The main difference is that to_h
wouldn't take a block or any arguments. It would be a simple conversion from Enumerable to Hash, and would only support a collection of arrays containing a maximum of 2 elements.
Updated by mame (Yusuke Endoh) about 12 years ago
- Status changed from Feedback to Assigned
- Assignee set to matz (Yukihiro Matsumoto)
Use the traditional Hash[] in 2.0.0. I'm moving this ticket into the feature tracker.
p Hash[ [[:name, 'Joe Smith'], [:age, 42]] ]
#=> {name: 'Joe Smith', age: 42}
--
Yusuke Endoh mame@tsg.ne.jp
Updated by mame (Yusuke Endoh) about 12 years ago
- Target version set to 2.6
Updated by marcandre (Marc-Andre Lafortune) about 12 years ago
matz (Yukihiro Matsumoto) wrote:
So what's the difference from rejected #7241?
As Nathan said, #7241 (and #666) accept a block and are therefore more related to the more complex categorize/associate/... #4151.

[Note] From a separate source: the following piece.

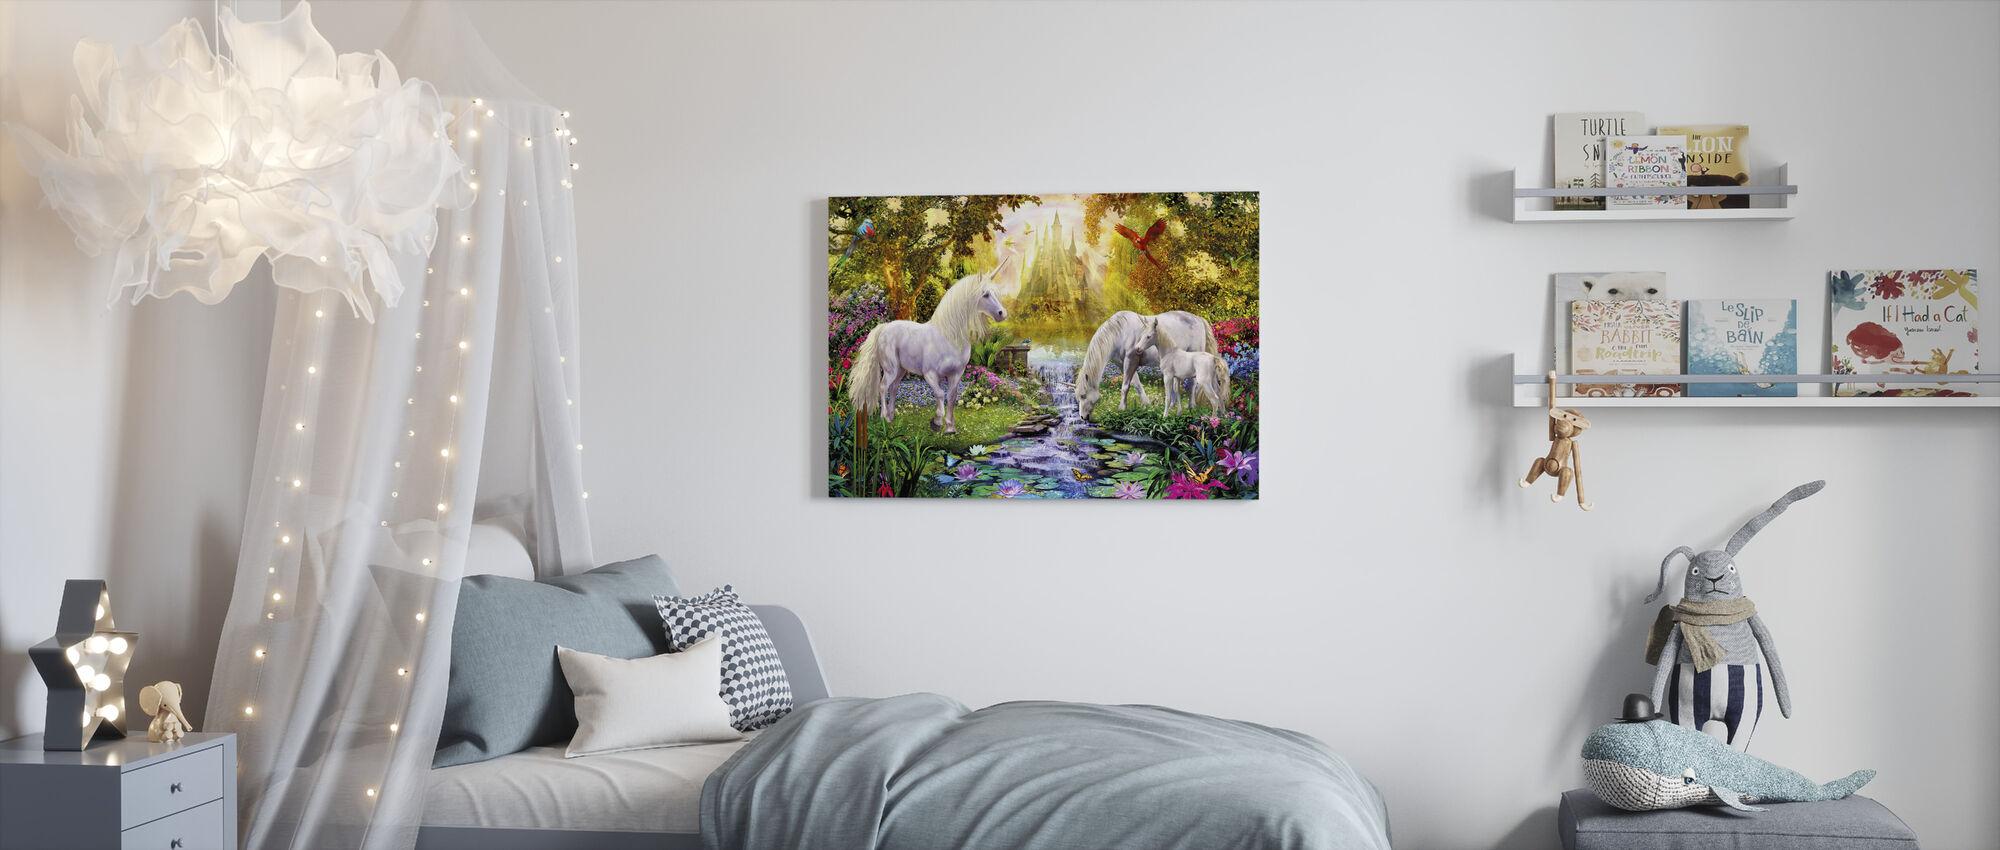 Slottet Unicorn Garden - Canvastavla - Barnrum

The implementation for to_h
would be as simple conceptually as possible. It would be equivalent to:
module Enumerable
def to_h
result = {}
each do |key, value|
result[key] = value
end
result
end
end
I believe this is the simplest definition one can think of. It doesn't try to do much, nor is it too strict (in the same way that "two".to_i returns 0).
mame (Yusuke Endoh) wrote:
Use the traditional Hash[] in 2.0.0.
Indeed, Hash[] can be used instead, except it's really really ugly.

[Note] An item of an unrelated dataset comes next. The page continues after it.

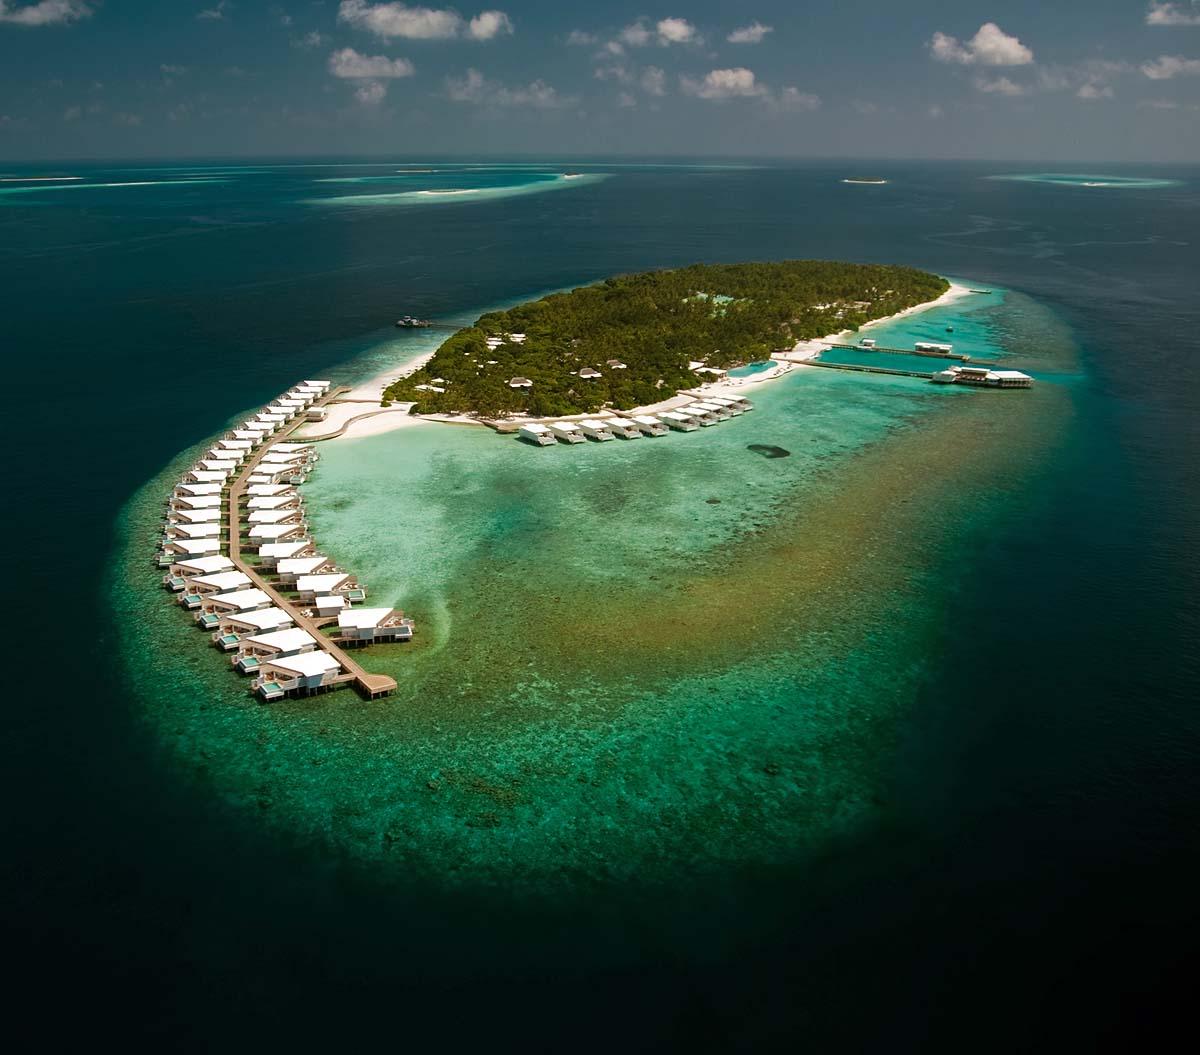 Vogelperspektive der Insel, Amilla Fushi, Malediven

I can't think of any other global method we use like this that should be an instance method. It's very natural to transform data into a hashes, but instead of chaining the transformations we have to reverse the flow for this step. E.g. source.map{...}.to_h.merge(...)

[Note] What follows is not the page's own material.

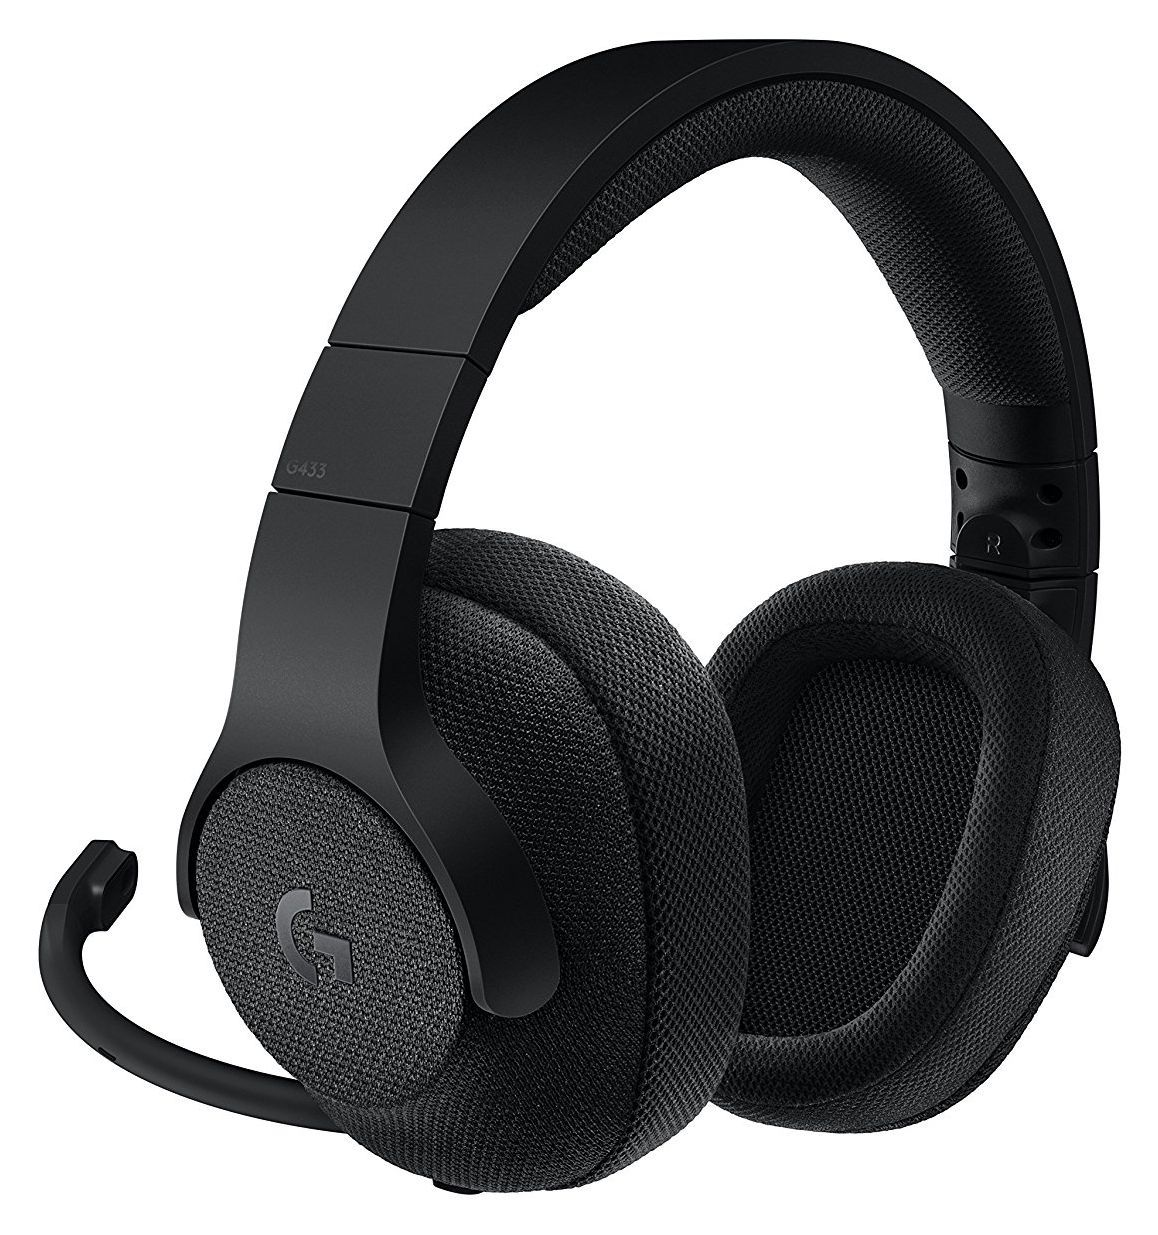 Logitech G433 Gaming Headset black (разопакован) - 1

reads naturally, but Hash[source.map{...}].merge(...)
doesn't.
The only other example of SomeClass.[] I can think of is for Set. In that case, it's understandable as Set doesn't have a dedicated creation syntax, so Set[1, 2, 3]
has its charms. Are there other cases, besides Hash[]?
I'm moving this ticket into the feature tracker.
Didn't I create it as a feature request?
Updated by mame (Yusuke Endoh) about 12 years ago
marcandre (Marc-Andre Lafortune) wrote:
I'm moving this ticket into the feature tracker.
Didn't I create it as a feature request?
Oops, I was mistaken. I just set the target to next minor. Sorry.
--
Yusuke Endoh mame@tsg.ne.jp
Updated by prijutme4ty (Ilya Vorontsov) about 12 years ago
Hash.[] is one of most disastrous ruby methods, IMHO. Since we don't have hash_map it's common to write smth like
hsh = Hash[ hsh.map{|k,v| [k.to_sym, v.to_f]} ]
In some more complicated cases it makes any programmer, who looks at code, cry.
Actually I'd prefer to have both methods Enumerable#to_h and Hash#hash_map ( http://bugs.ruby-lang.org/issues/6669 )
Programmers anyway use analogues for this method, so it'd be a way to standardize their code. As marcandre said #to_i also isn't ideal but is very useful and each programmer understand it the same way.
Updated by marcandre (Marc-Andre Lafortune) about 12 years ago
Actually I'd prefer to have both methods Enumerable#to_h and Hash#hash_map ( http://bugs.ruby-lang.org/issues/6669 )
I'm a strong supporter for different hash_map/associate/categorize
, but let's not discuss these here please, they have their own tickets (#4151 & #6669).
This request is not meant to be a replacement for those requests. It is a small step, the simplest method to explicitly convert an Enumerable to a Hash.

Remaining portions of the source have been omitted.